Plugins define a transaction format, allowing the framework to specialize the reputation computation to data appropriate for a specific application. For example, an online forum might want to report comments being posted as belonging to "veteran" members, as this might be an important part of the reputation for the forum. This same transaction attribute would not be reported by a blog system.

Transactions are transferred as XML through the relying party interface, a RESTful API. Plugins define the data types and the message contents for transactions in the API. Plugins are implemented as XML files that are loaded by the system at startup, allowing plugins to be easily installed, managed and transferred to other installations. Transactions enumerate attributes that include a name, a type (text, numeric, boolean) and a regular expression for determining valid values before type conversion.

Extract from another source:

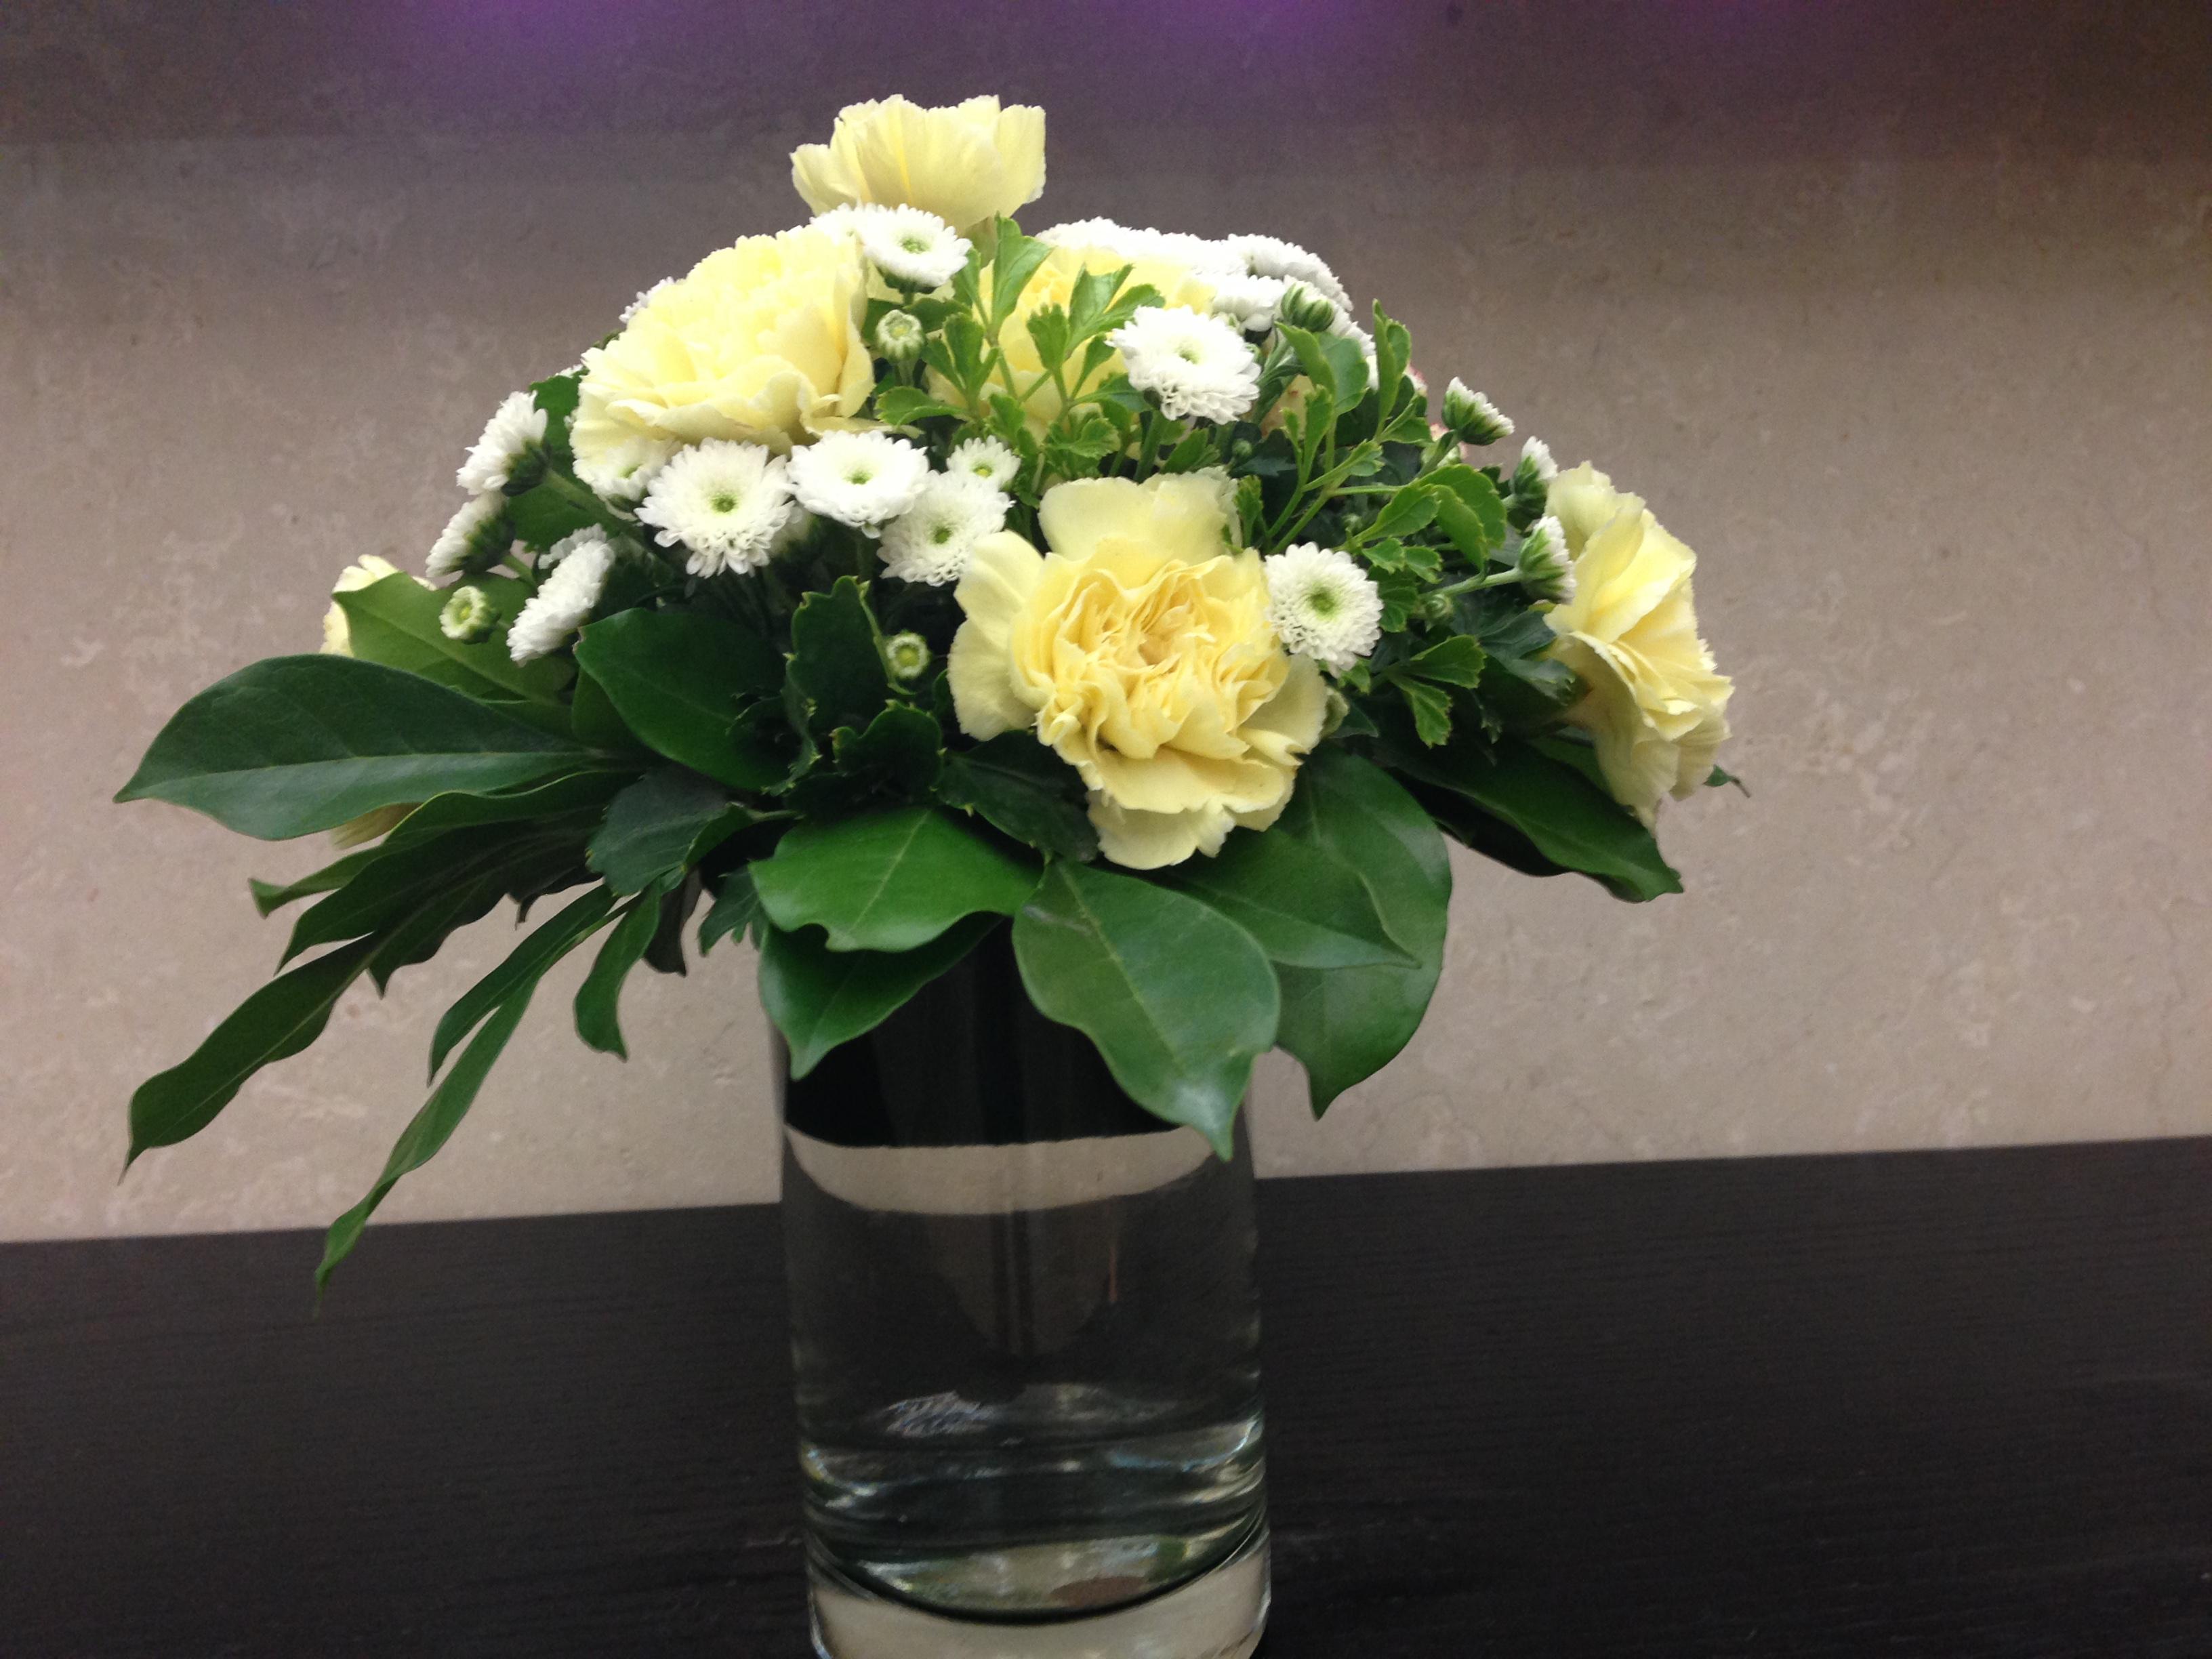 Hướng dẫn cách cắm hoa cúc đẹp nhỏ nhắn xinh xắn hình 7

Plugins may also include default rule sets. These rule sets can be cloned by users of the system and subsequently modified. Rule sets are executed by the rules engine to determine a reputation score. Future work will include adding other reputation sources also by way of plugins.

Data Model

To simplify development, the Sqlite3 database was used for data storage, but there are no specific Sqlite3 dependencies in the code. Database tables and relationships are implemented as Ruby objects using the ActiveRecord ORM libraries. Plugins are stored after being read from XML files into tables. Transactions are also stored in the database along with the rule sets which operate on them.

Rules Engine

The underlying rules engine used by Pythia is Rools (see http://rools.rubyforge.org/). Rule sets can be defined by plugins or through the Web interface by relying parties.

Rule sets are a named grouping of rules. Rules specify filters, conditions and actions. Filters only permit the desired transactions to participate in the reputation calculation. Some example filters would be, "transactions where the customer satisfaction score is greater than five", or "transactions where a blog comment was rejected".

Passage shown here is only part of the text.